First, a bit of boilerplate: we’ll download a video from the web, and define a plotting utility. You can ignore that part and jump right below to Creating a decoder.
from typing import Optional
import torch
import requests
# Video source: https://www.pexels.com/video/dog-eating-854132/
# License: CC0. Author: Coverr.
url = "https://videos.pexels.com/video-files/854132/854132-sd_640_360_25fps.mp4"
response = requests.get(url, headers={"User-Agent": ""})
if response.status_code != 200:
raise RuntimeError(f"Failed to download video. {response.status_code = }.")
raw_video_bytes = response.content
def plot(frames: torch.Tensor, title : Optional[str] = None):
try:
from torchvision.utils import make_grid
from torchvision.transforms.v2.functional import to_pil_image
import matplotlib.pyplot as plt
except ImportError:
print("Cannot plot, please run `pip install torchvision matplotlib`")
return
plt.rcParams["savefig.bbox"] = 'tight'
fig, ax = plt.subplots()
ax.imshow(to_pil_image(make_grid(frames)))
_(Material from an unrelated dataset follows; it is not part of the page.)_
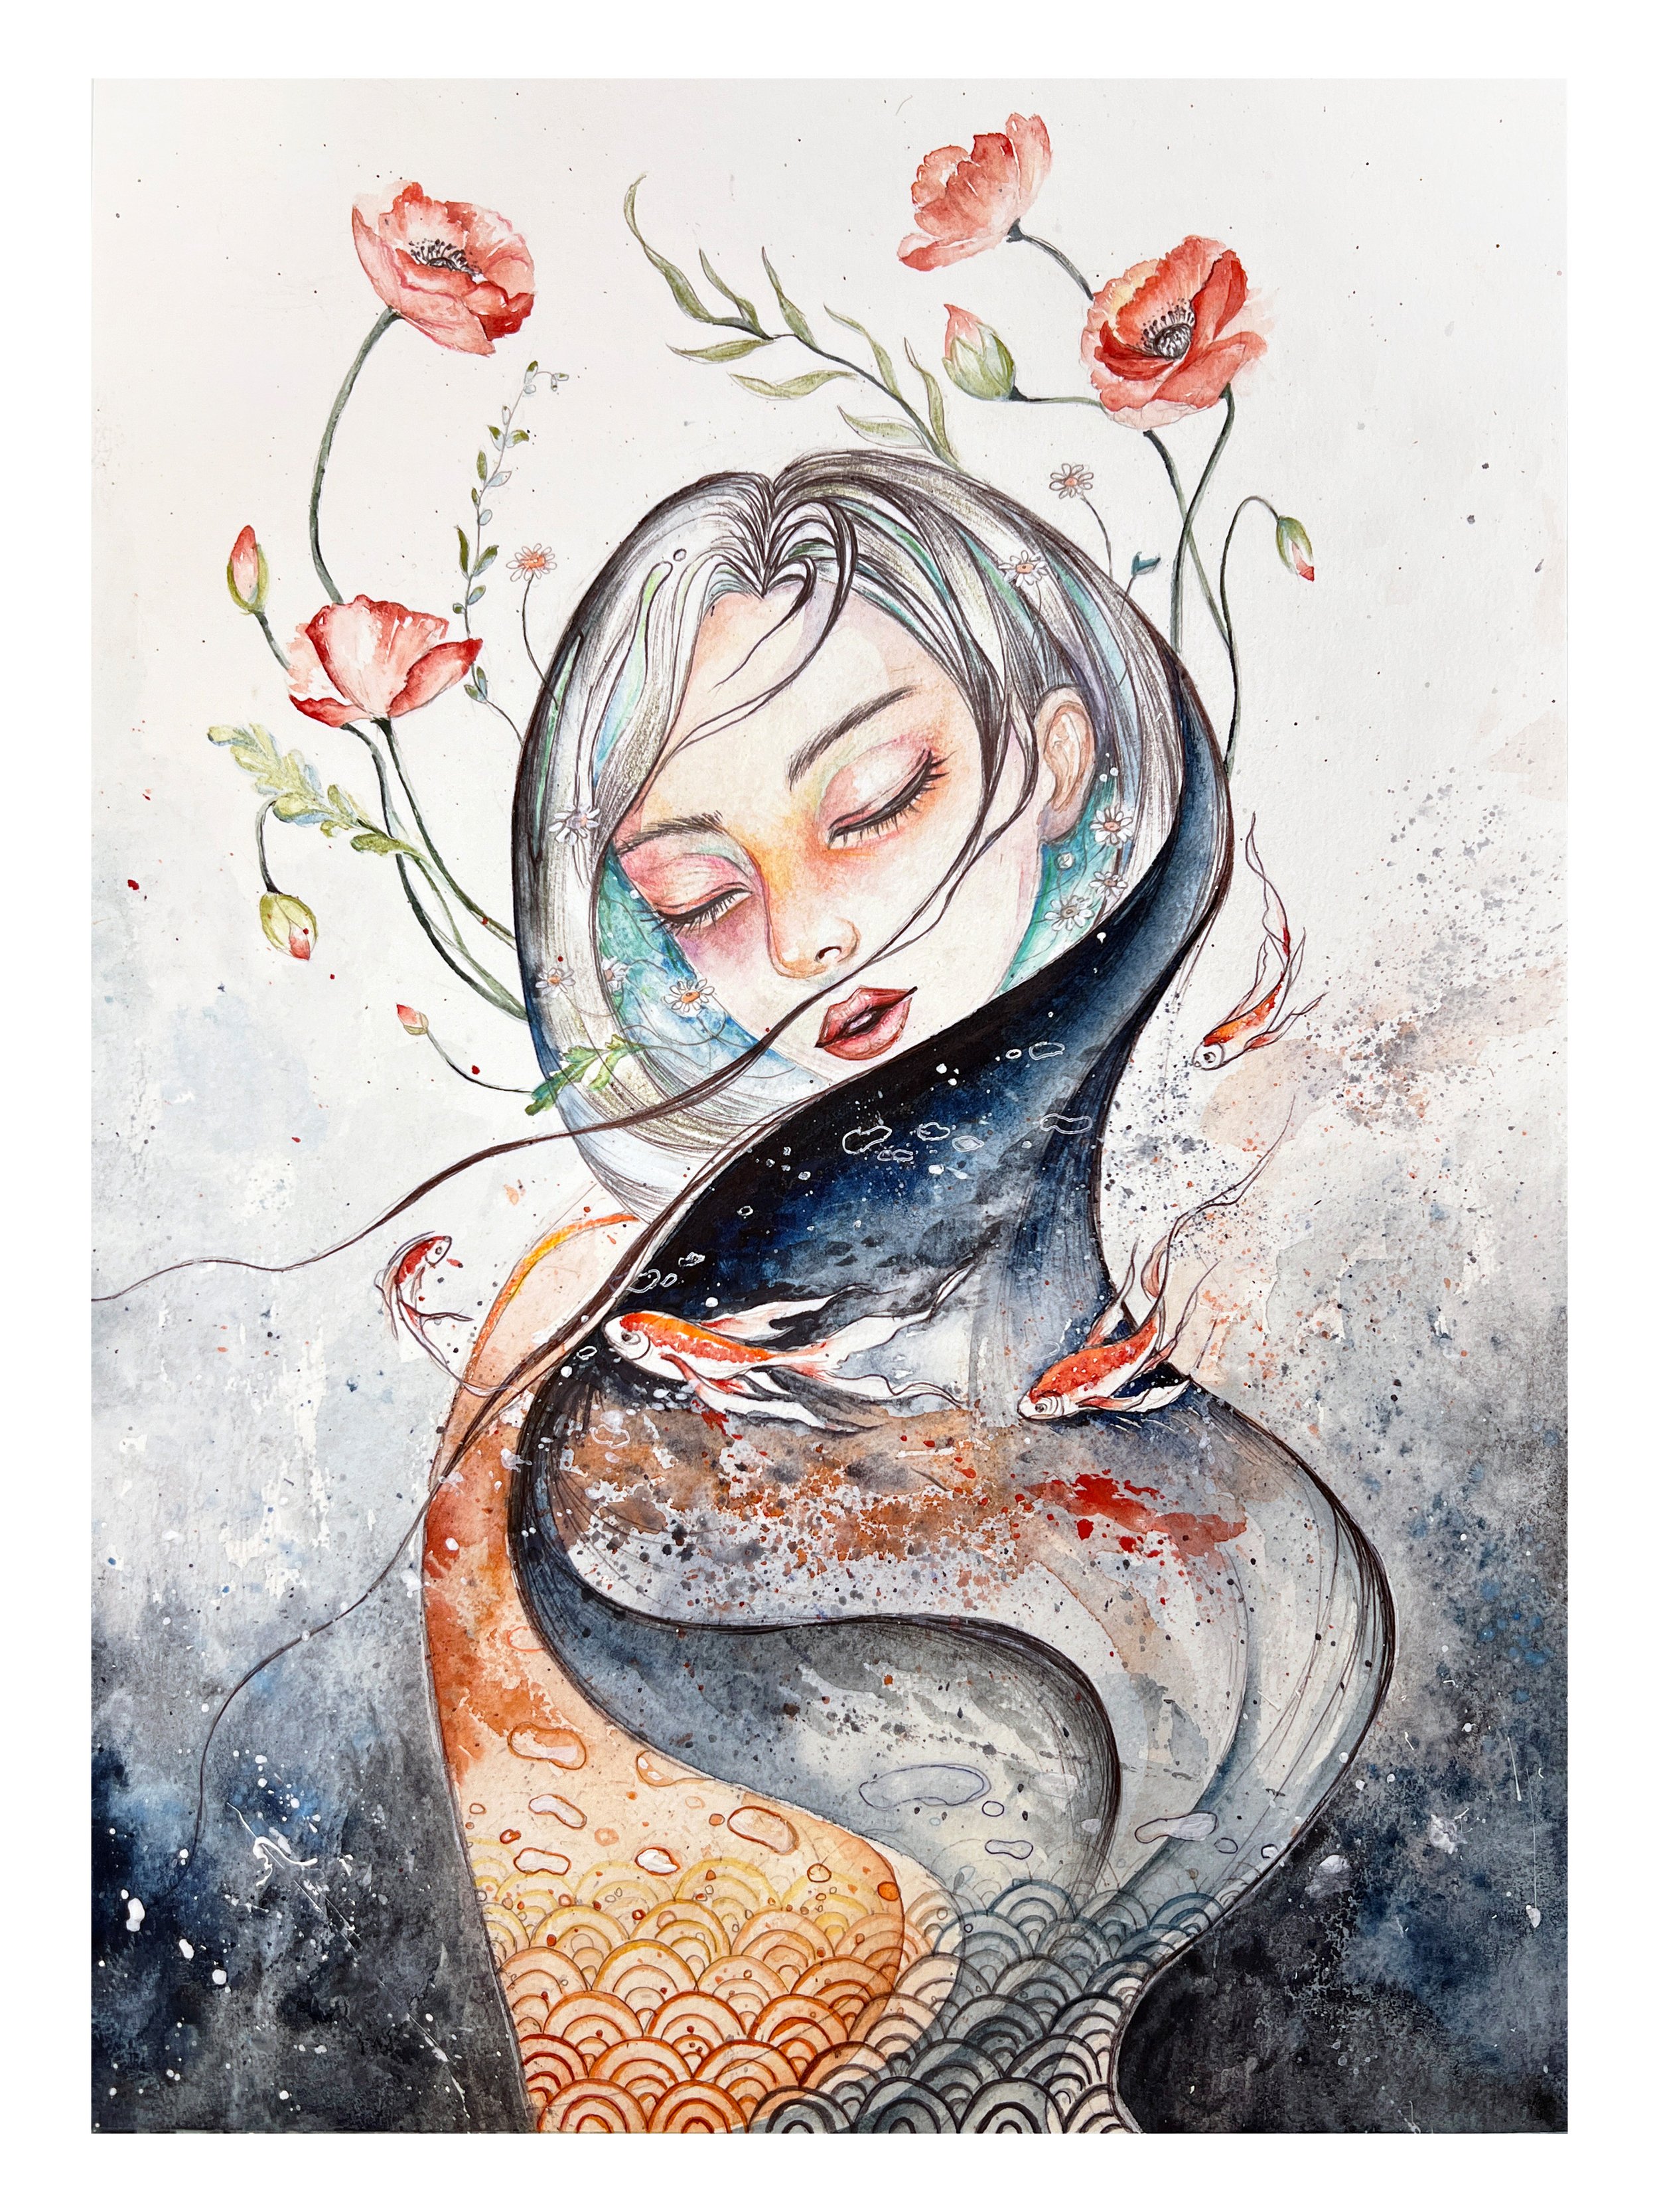 The Flower Mermaid

ax.set(xticklabels=[], yticklabels=[], xticks=[], yticks=[])
if title is not None:
ax.set_title(title)
plt.tight_layout()
Creating a decoder¶
Sampling clips from a video always starts by creating a
VideoDecoder
object. If you’re not already
familiar with VideoDecoder
, take a quick look
at: Decoding a video with VideoDecoder.
from torchcodec.decoders import VideoDecoder
# You can also pass a path to a local file!
decoder = VideoDecoder(raw_video_bytes)
Sampling basics¶
We can now use our decoder to sample clips. Let’s first look at a simple
example: all other samplers follow similar APIs and principles. We’ll use
clips_at_random_indices()
to sample clips that
start at random indices.
from torchcodec.samplers import clips_at_random_indices
# The samplers RNG is controlled by pytorch's RNG. We set a seed for this
# tutorial to be reproducible across runs, but note that hard-coding a seed for
# a training run is generally not recommended.
torch.manual_seed(0)
clips = clips_at_random_indices(
decoder,
num_clips=5,
num_frames_per_clip=4,
num_indices_between_frames=3,
)
clips
FrameBatch:
data (shape): torch.Size([5, 4, 3, 360, 640])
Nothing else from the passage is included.